For the reactions using protocol A, an initial denaturation step was performed at 98°C for 30 s followed by 40 cycles at 98°C for 10 s, 64°C for 30 s, 72°C for 2 min. At the end of the amplification cycles, an extension step at 72 ºC for 2 min was added to fill in any incomplete polymerization.
The reactions for protocol B were subjected to the following cycles of temperature: 98°C for 5 min followed by 34 cycles of 98°C for 10 s, 61°C for 30 s, 72°C for 50 s; and a final step at 72°C for 5 min.
The cycling conditions applied to the reactions assembled with protocol C primers were as follows: 98°C for 2 min followed by 30 cycles of 98°C for 10 s, 58°C (for the first round of amplification) and 53.7°C (for nested PCR reaction) for 30 s; 72°C for 1 min and 30 s; and a final step at 72°C for 5 min.
The amplified product was identified by agarose gel electrophoresis (4 μl of the final PCR product mixed with 1 μl of the 10X Bluejuice™ Gel Loading Buffer (InvitrogenTM Life Technologies, Carlsbad, CA, USA) and the mixture was applied to a 1% agarose gel prepared with 1 X TAE buffer. and 7 µl of SYBR Safe.
1.5Preparation of libraries for next-generation sequencing and sequencing of amplified HBV genomesDNA library was prepared from the amplicons generated in the PCR reactions, using the Nextera XT DNA Sample Preparation kit, following the procedures established by the manufacturer. After quantifying the PCR products using the Qubit fluorimetric method (Qubit 4 Fluorometer; Thermo Fisher Scientific, Waltham, Massachusetts, USA), the concentration of all PCR samples was adjusted to 0.8 ng/μl, and then performed the DNA fragmentation and tagmentation steps. Samples were then submitted to amplification step for insertion of adapters and were then DNA purified using AMPure XP magnetic beads (Beckman Coulter; Life Sciences Division Headquarters; Indianapolis, USA). Samples were purified, let all at 2 nM of final concentration and denatured using a 0.2 N NaOH solution (v/v). The ready-made libraries were pipetted on a flow cell and then the sequencing process was started using the MiSeq platform (Illumina Inc., San Diego, CA, U.S.A.).
1.6Analysis of HBV Full Genome SequencesAfter sequencing, the raw data underwent a quality analysis using the FastQC and After QC tools (Babraham Bioinformatics, Babraham Hall House, Babraham, Cambridge CB22 3AT, United Kingdom) to obtain basic library statistics such as: file type, format, total sequences, filtered sequences, sequence length and percentage of guanine + cytosine (GC) content of each base in each generated sequence [13]. Quality score parameters per sequence, sequence quality per base, curve quality, curve discontinuity, GC content per sequence, N content per base and sequence length distribution were also verified. To clean up noise from the sequences of each library, a trimming was performed, followed by the removal of short reads with bad overlap, removal of reads with low sequence quality, with poly-X or excess N.
The contigs were generated with the SPAdes program [14], using different sizes of k-mer and selecting the result with the highest contigs.
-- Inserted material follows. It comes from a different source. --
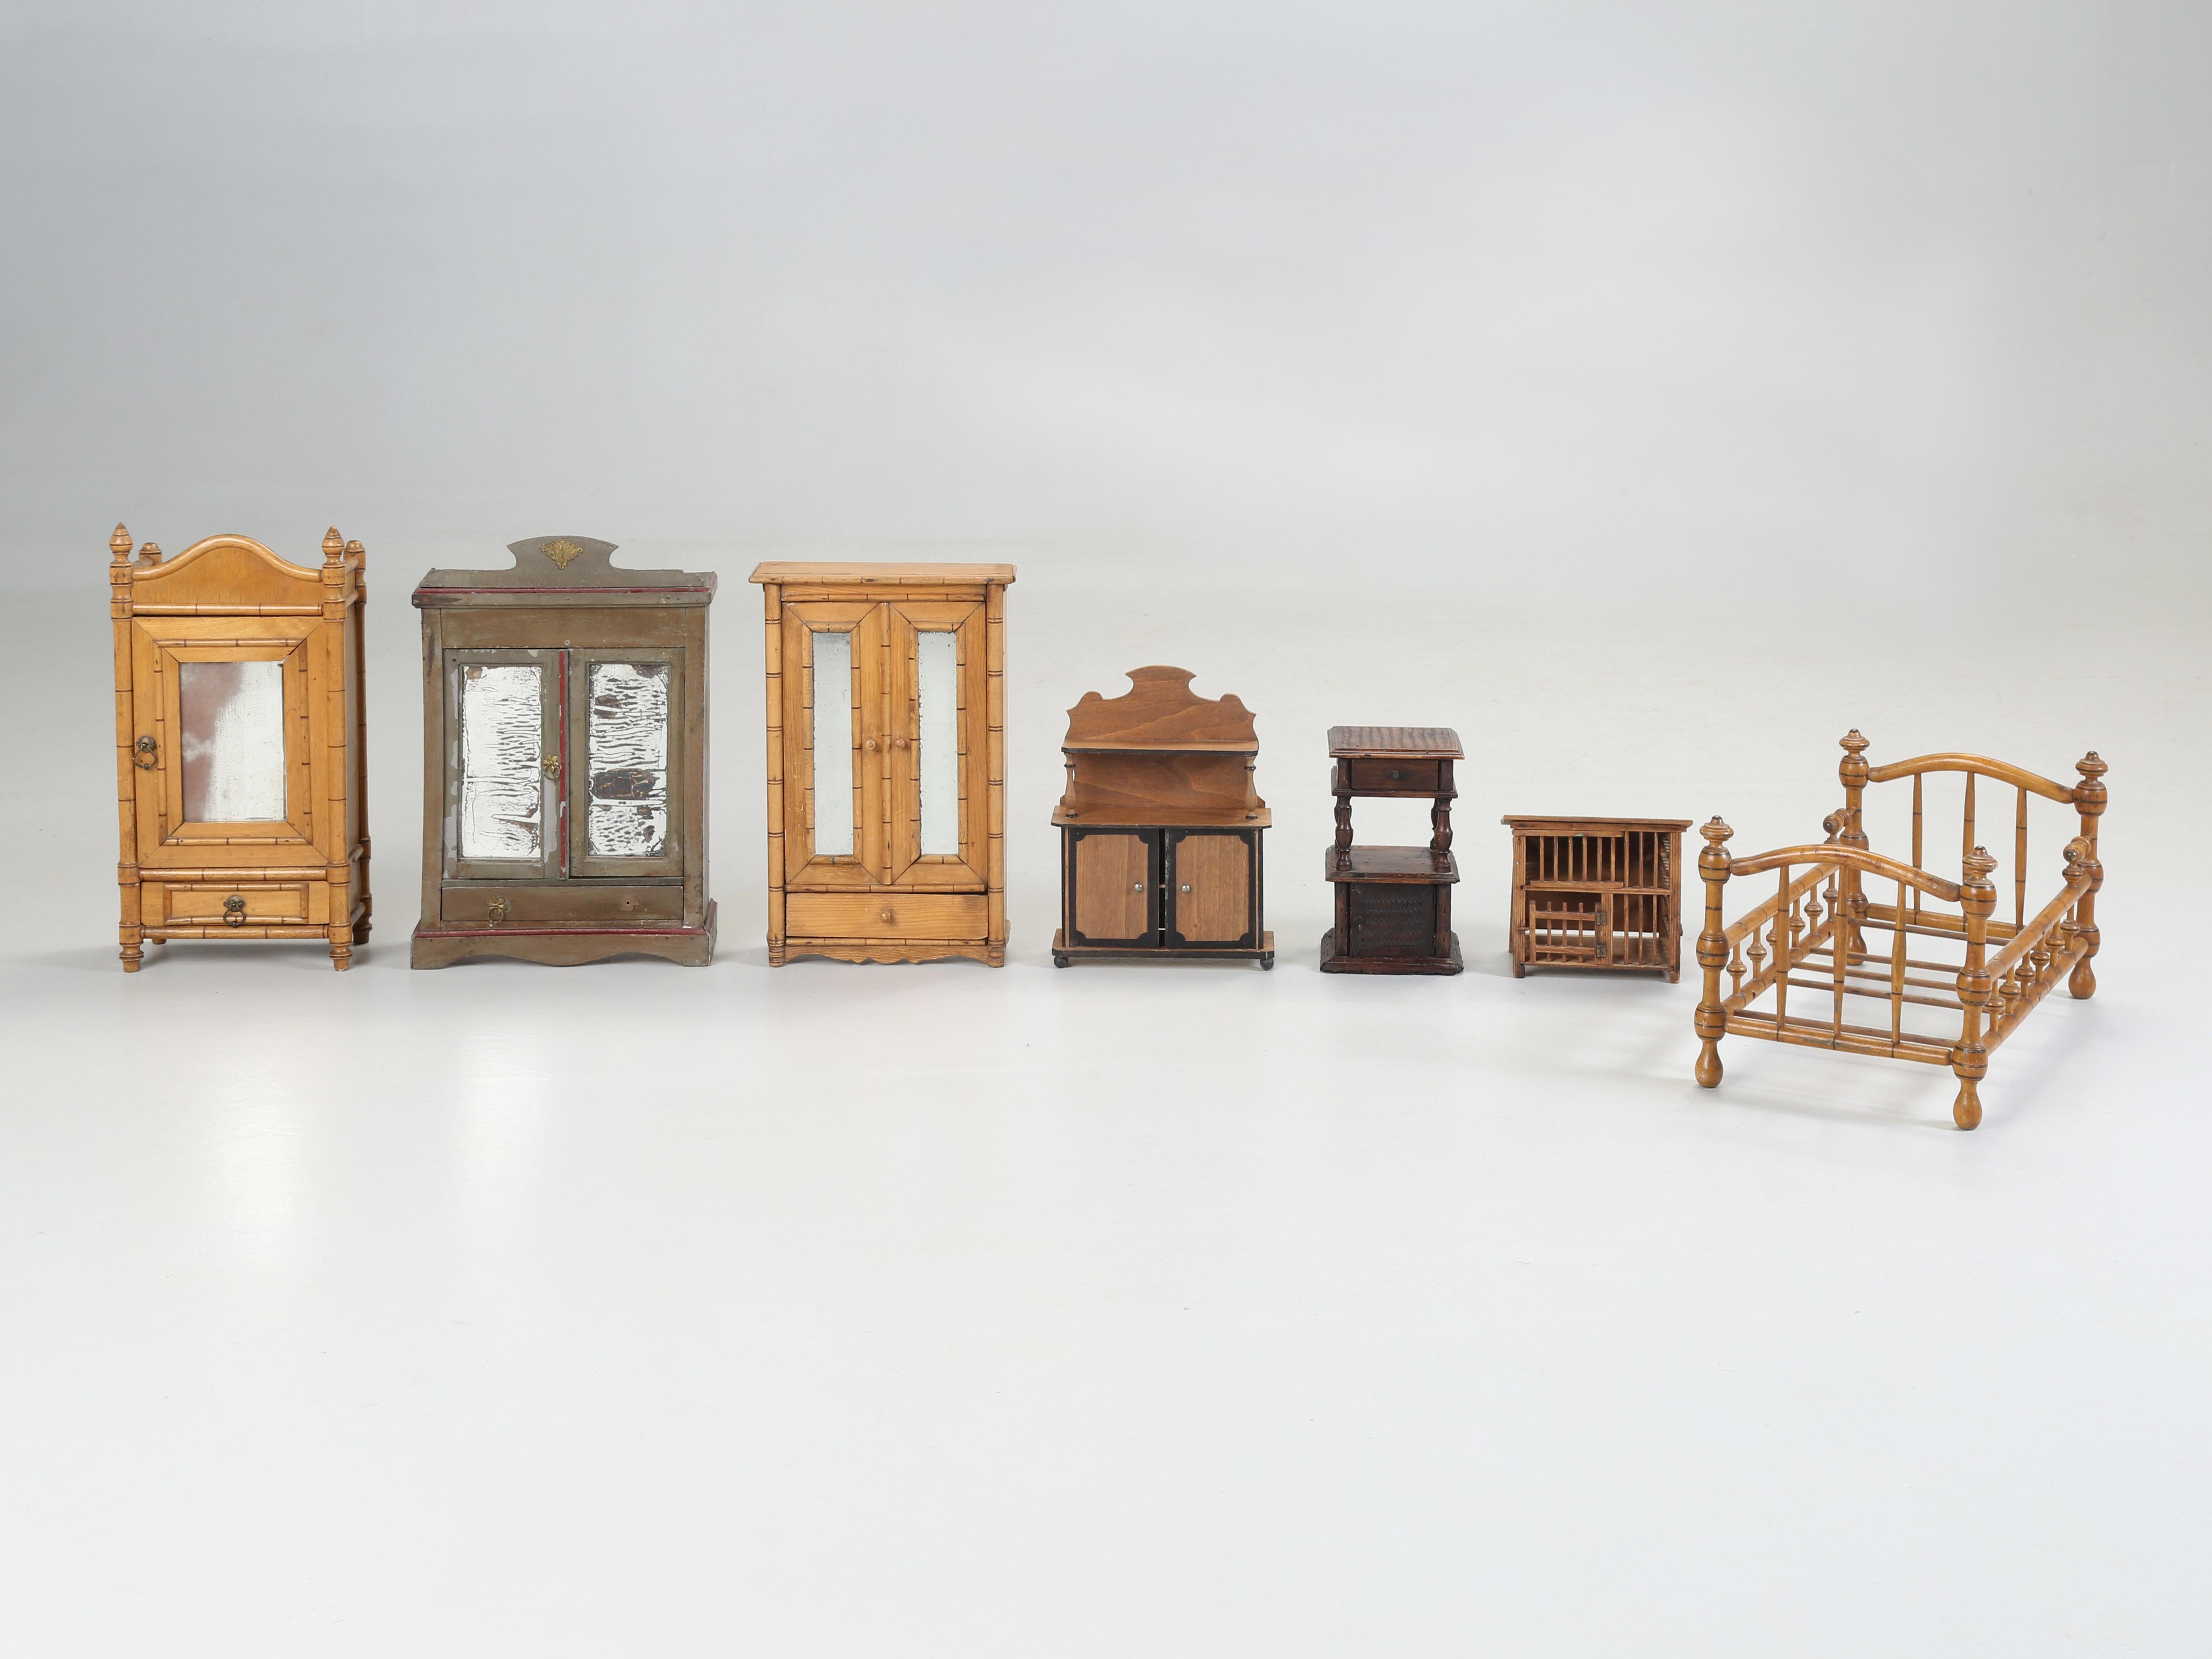 Collection of (7) mostly French Doll House Furniture or possibly Salesman's Samples or simply Child's Toys? One of the pieces was made from an American cigar box and we'd probably call that one Folk Art, but the balance appear to be very well made

First, the contigs were compared to sequences from a local database cured only for HBV, using the BLAST (Basic Local Alignment Search Tool) in order to identify the similarity with the bank sequences, allowing the identification of genotype and subgenotype. To assemble the final sequence, we used multiple contigs from each sample, according to the local BLAST.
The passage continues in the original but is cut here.